§ **Your task**
Pictures stay out of the copy; set down each line of the listing below exactly.

§ **Dataset excerpt**
+--
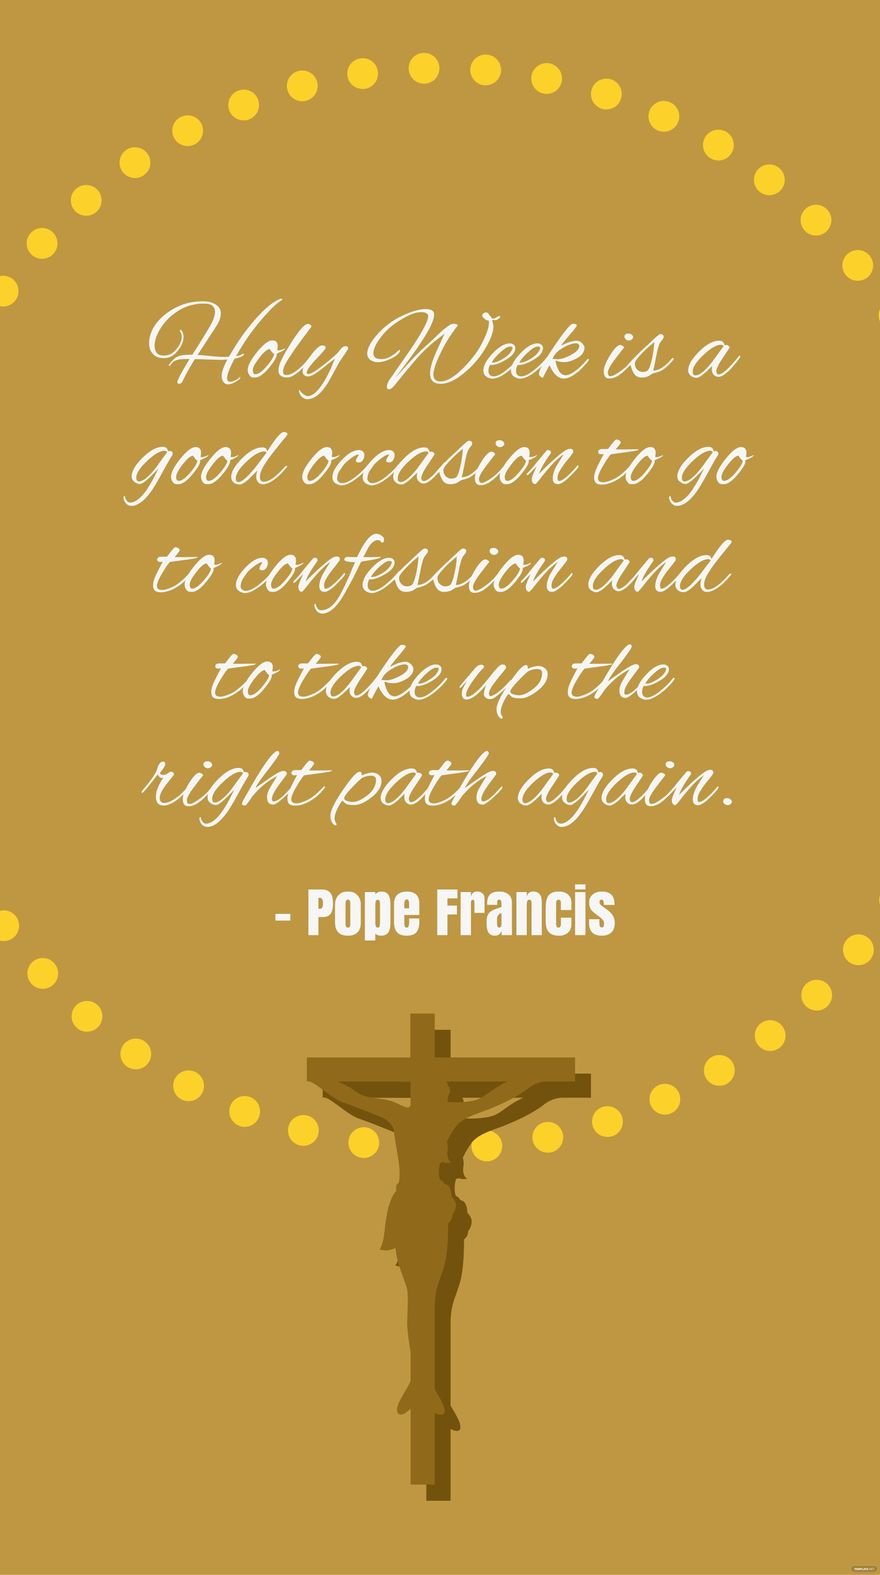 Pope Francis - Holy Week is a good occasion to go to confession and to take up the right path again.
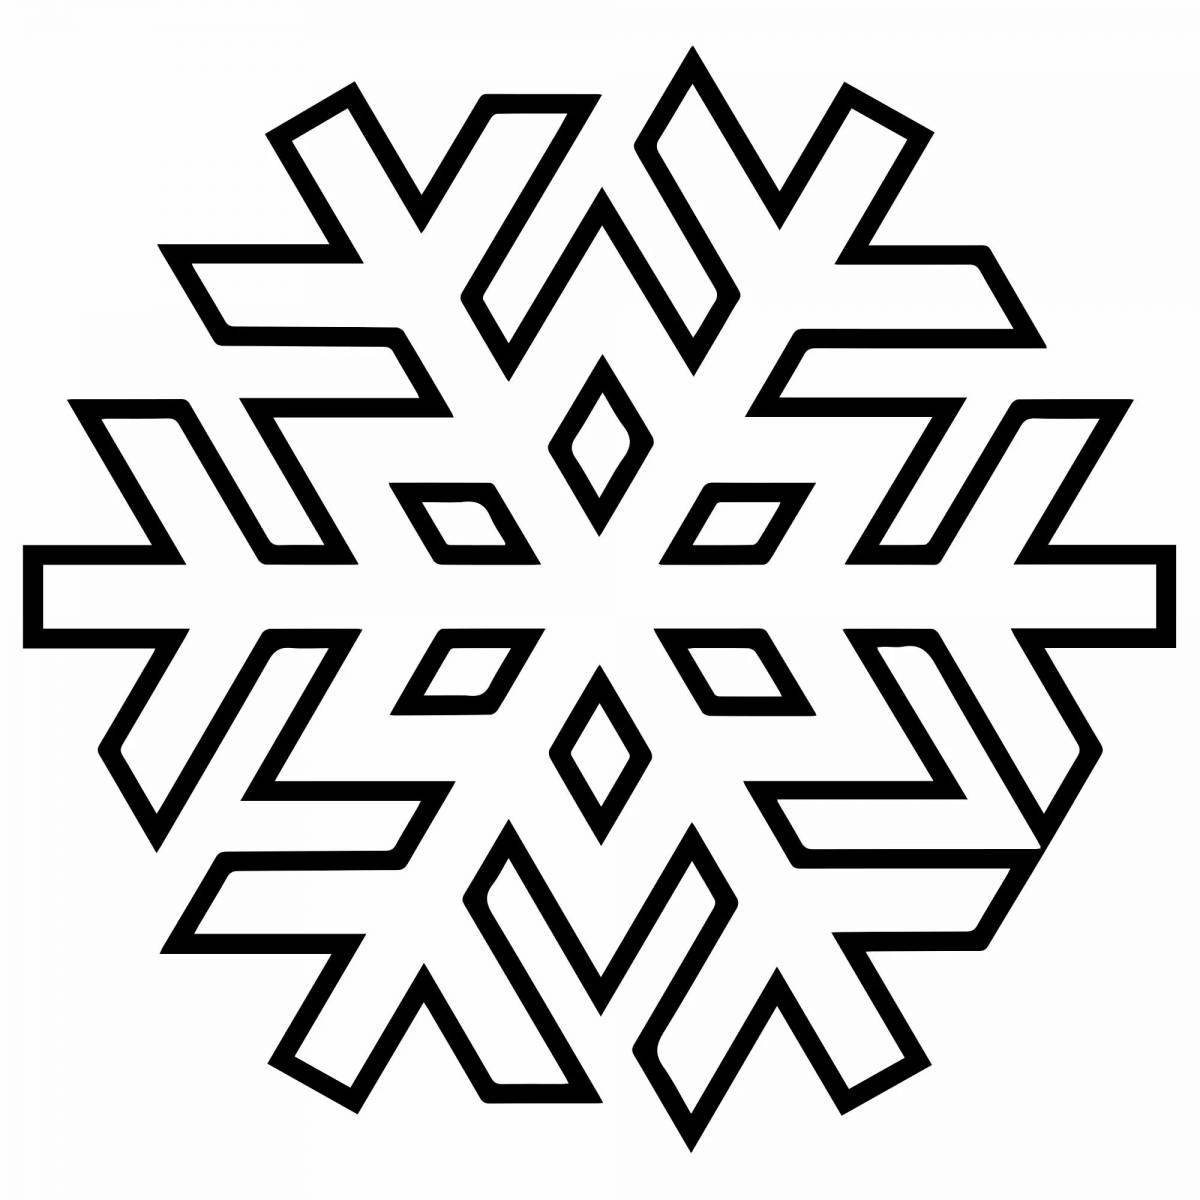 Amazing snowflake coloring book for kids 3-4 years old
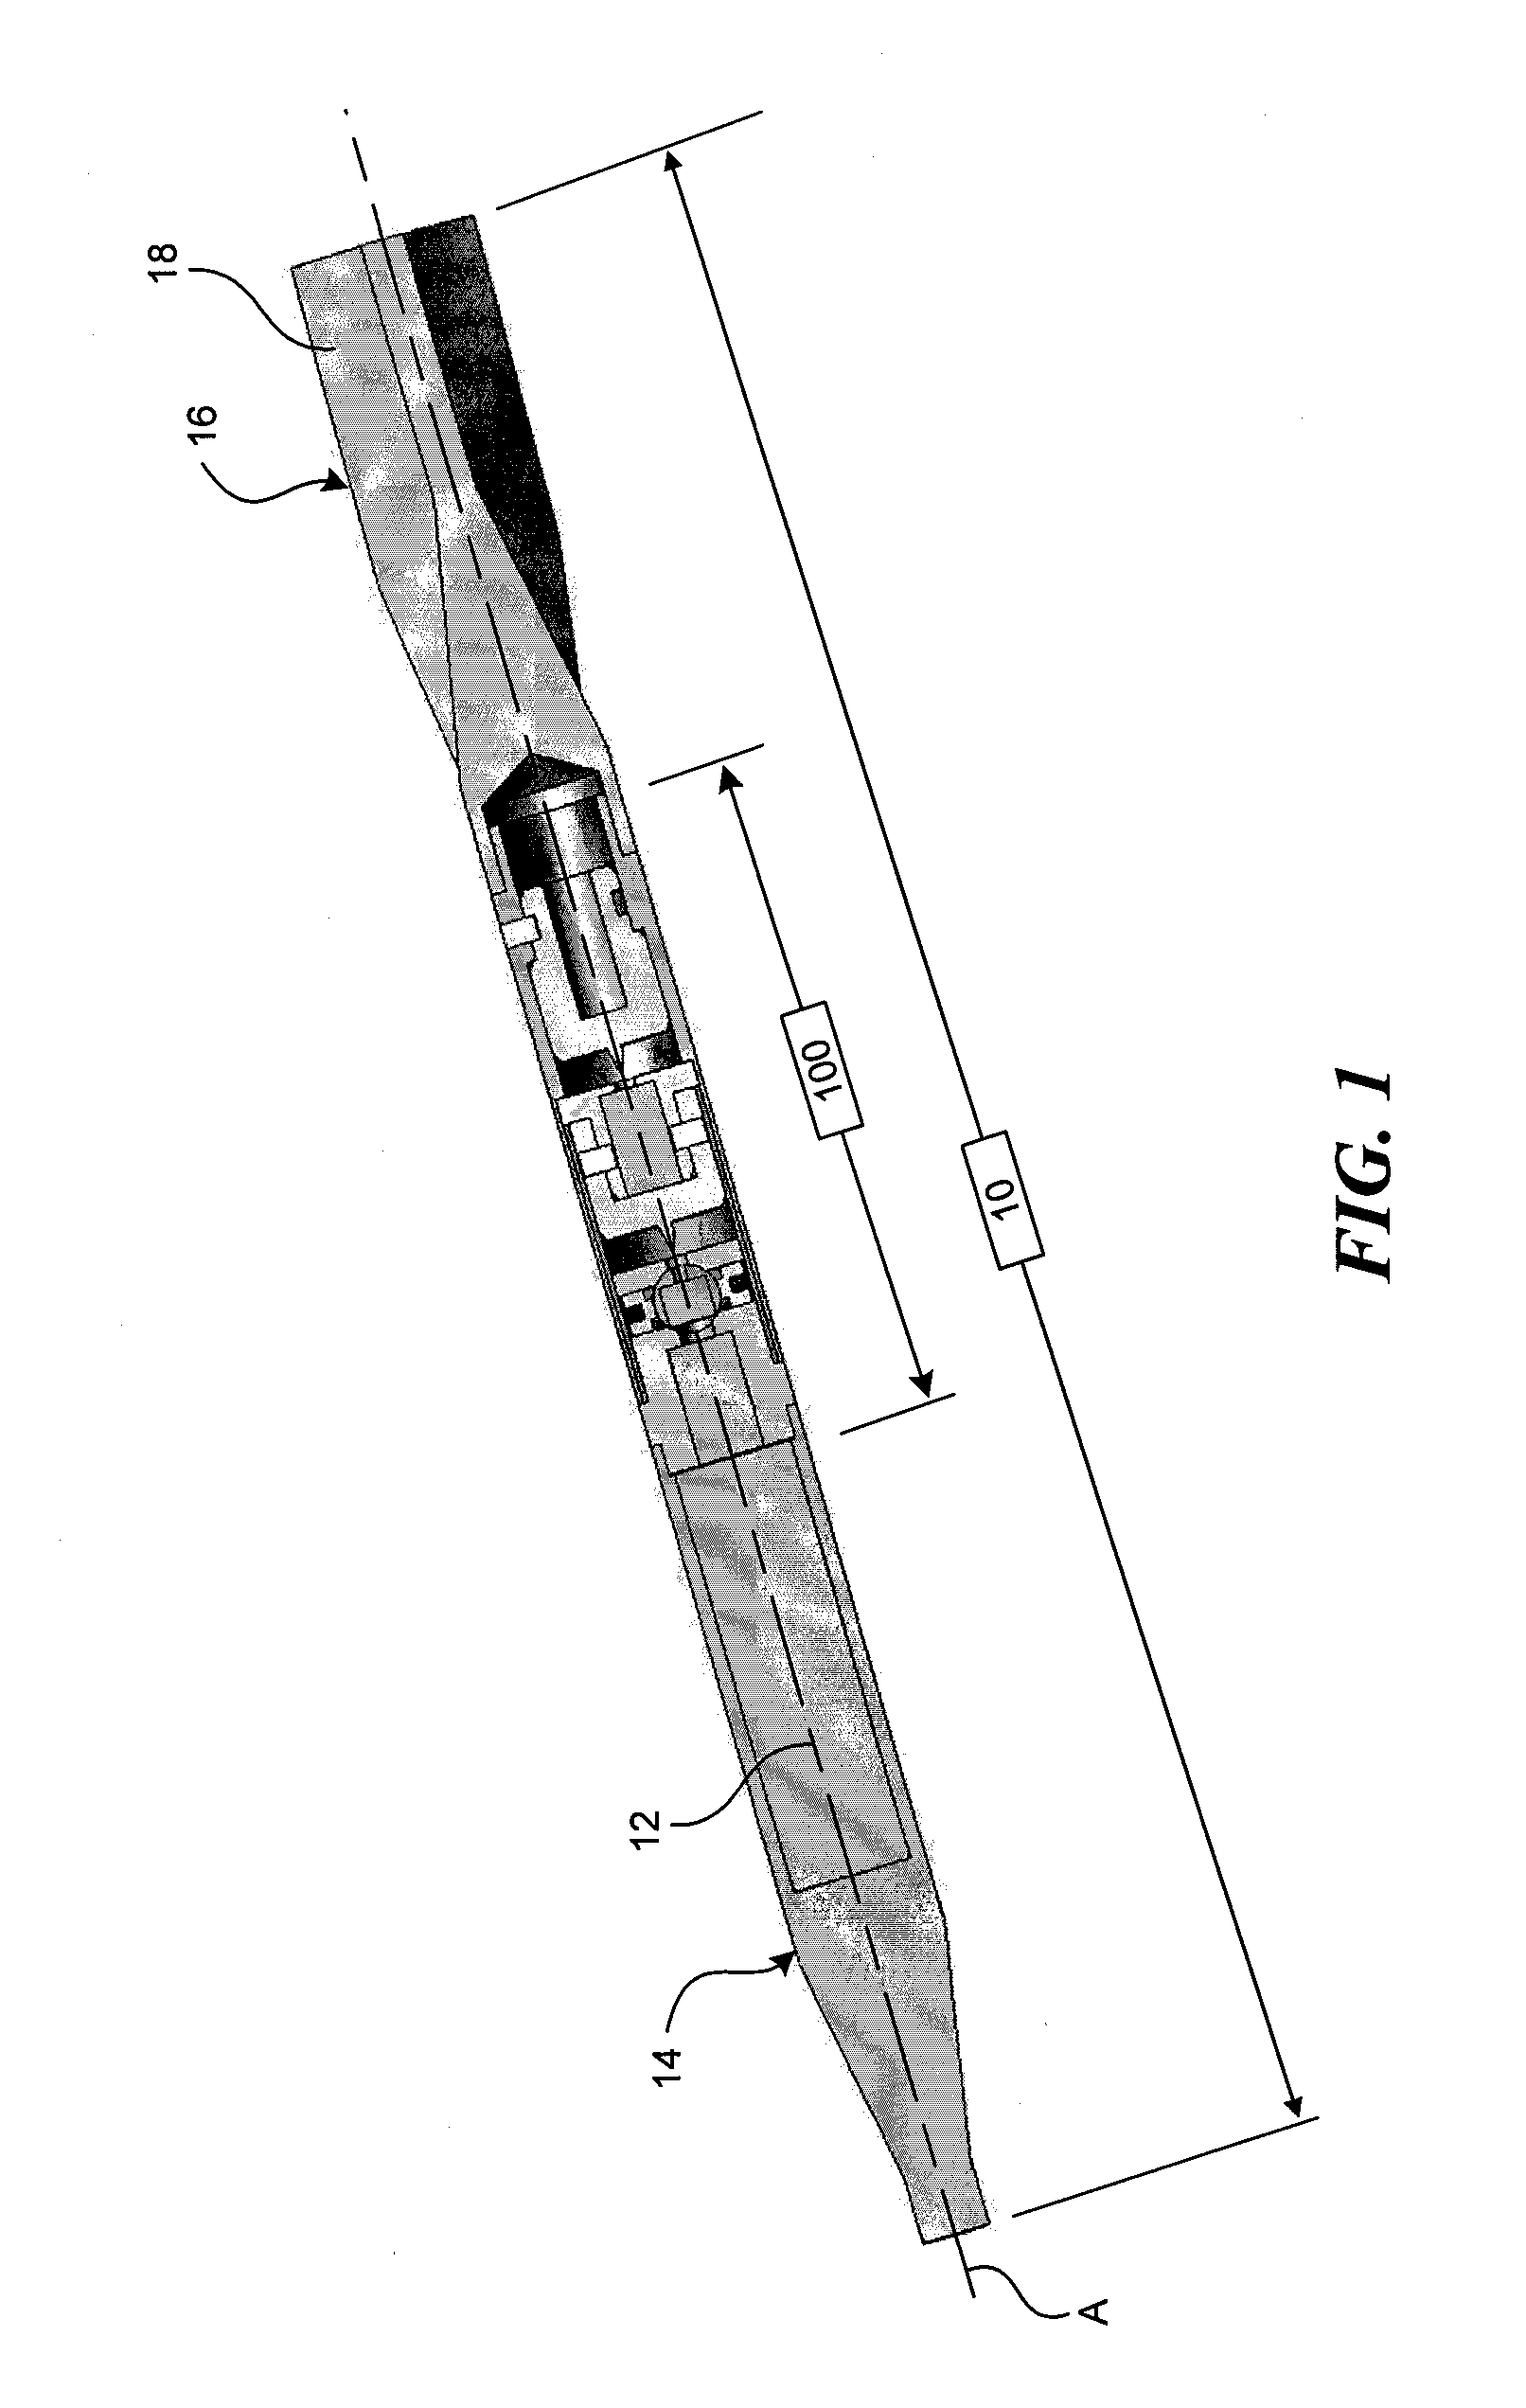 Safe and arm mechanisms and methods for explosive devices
+--
§ **Output of the exercise**
 Pope Francis - Holy Week is a good occasion to go to confession and to take up the right path again.
 Amazing snowflake coloring book for kids 3-4 years old
 Safe and arm mechanisms and methods for explosive devices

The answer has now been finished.